[Given data]

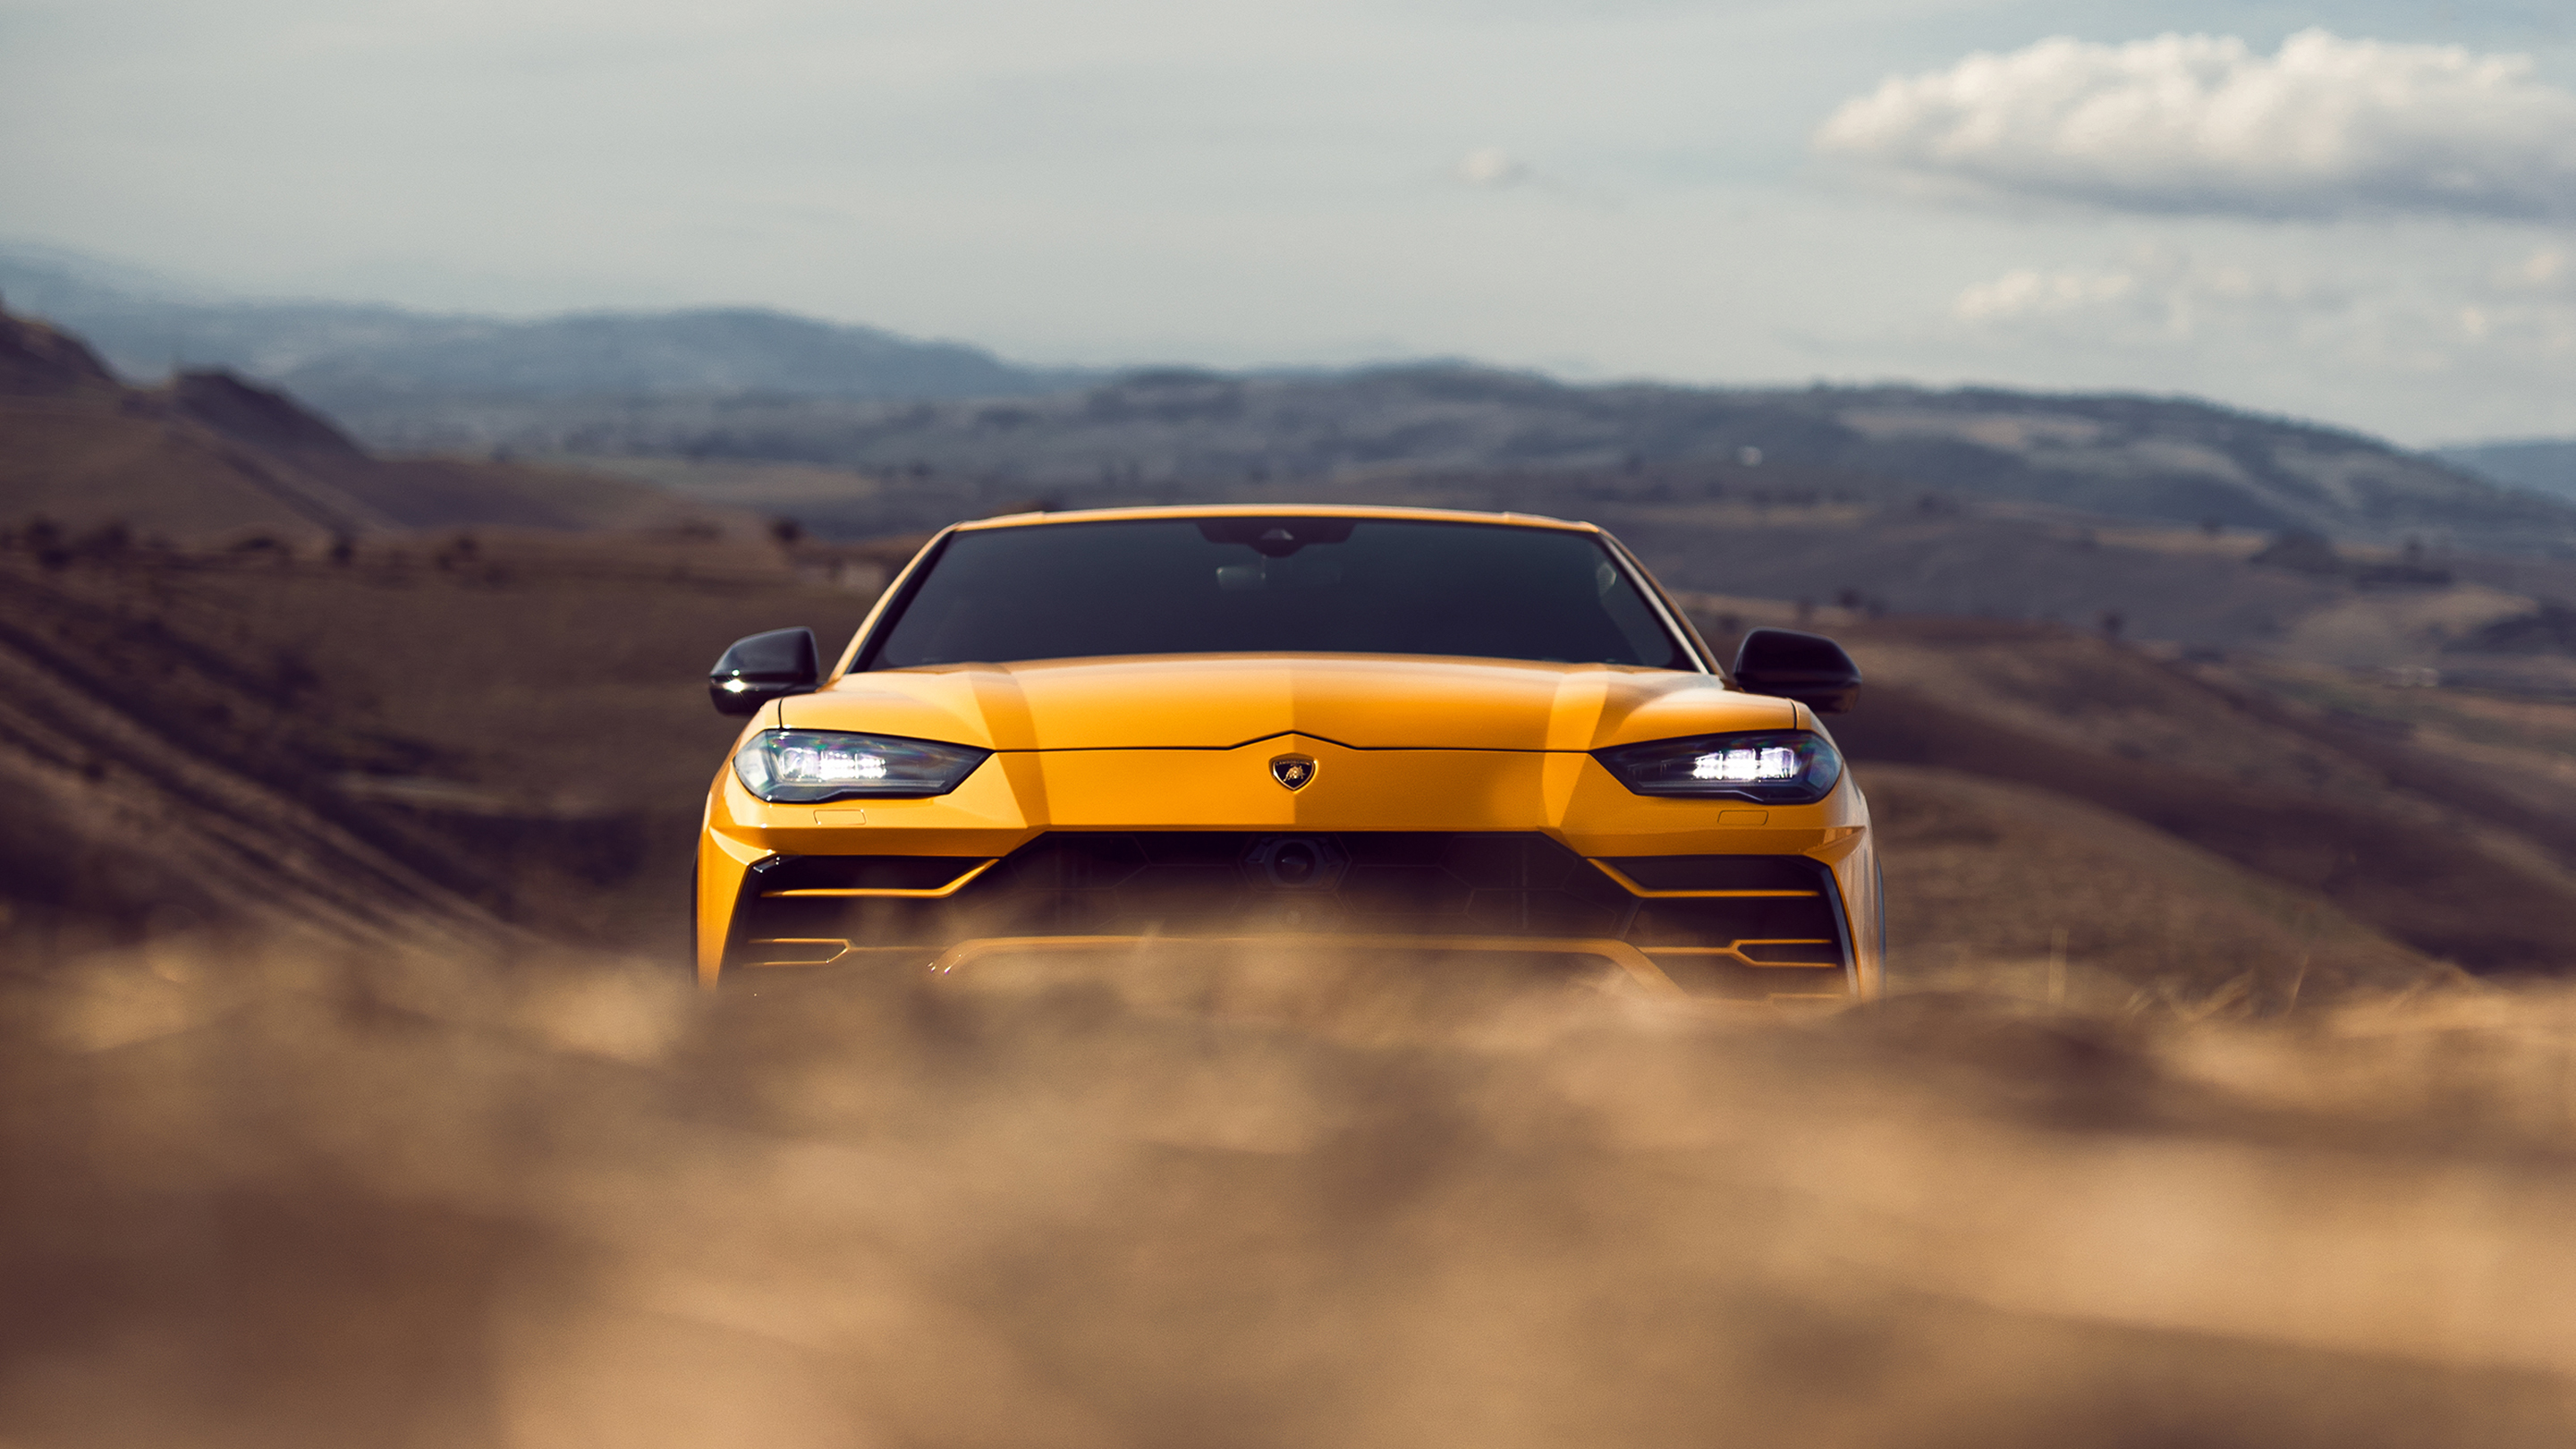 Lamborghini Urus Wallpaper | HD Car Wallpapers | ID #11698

---

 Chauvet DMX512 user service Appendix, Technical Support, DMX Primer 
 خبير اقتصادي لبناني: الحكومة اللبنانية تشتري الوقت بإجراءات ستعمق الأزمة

* * *

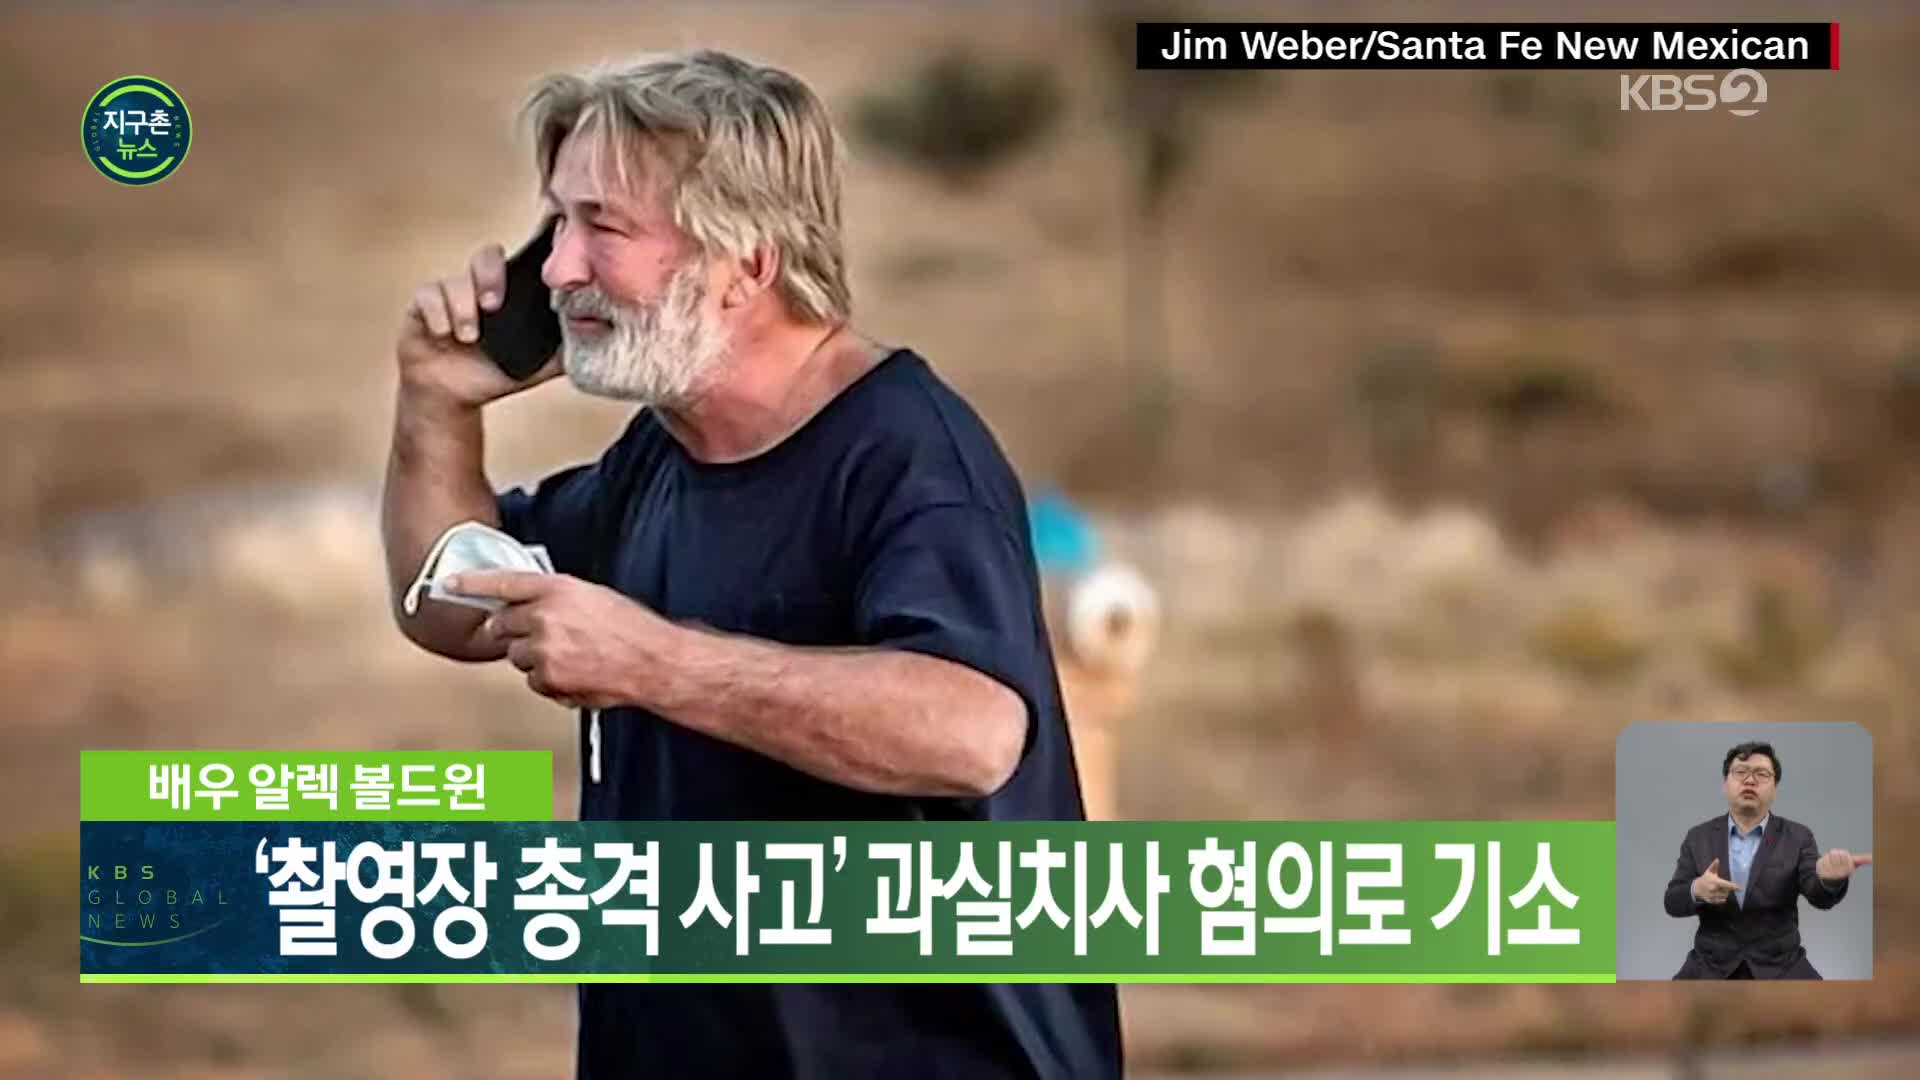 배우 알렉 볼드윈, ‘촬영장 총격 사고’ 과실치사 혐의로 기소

[Exercise directions] Every line from the line containing "Chauvet DMX512 user" through the line containing "خبير اقتصادي لبناني: الحكومة" in the records above must be retyped exactly. Leave out the rest.

[Your response]
 Chauvet DMX512 user service Appendix, Technical Support, DMX Primer 
 خبير اقتصادي لبناني: الحكومة اللبنانية تشتري الوقت بإجراءات ستعمق الأزمة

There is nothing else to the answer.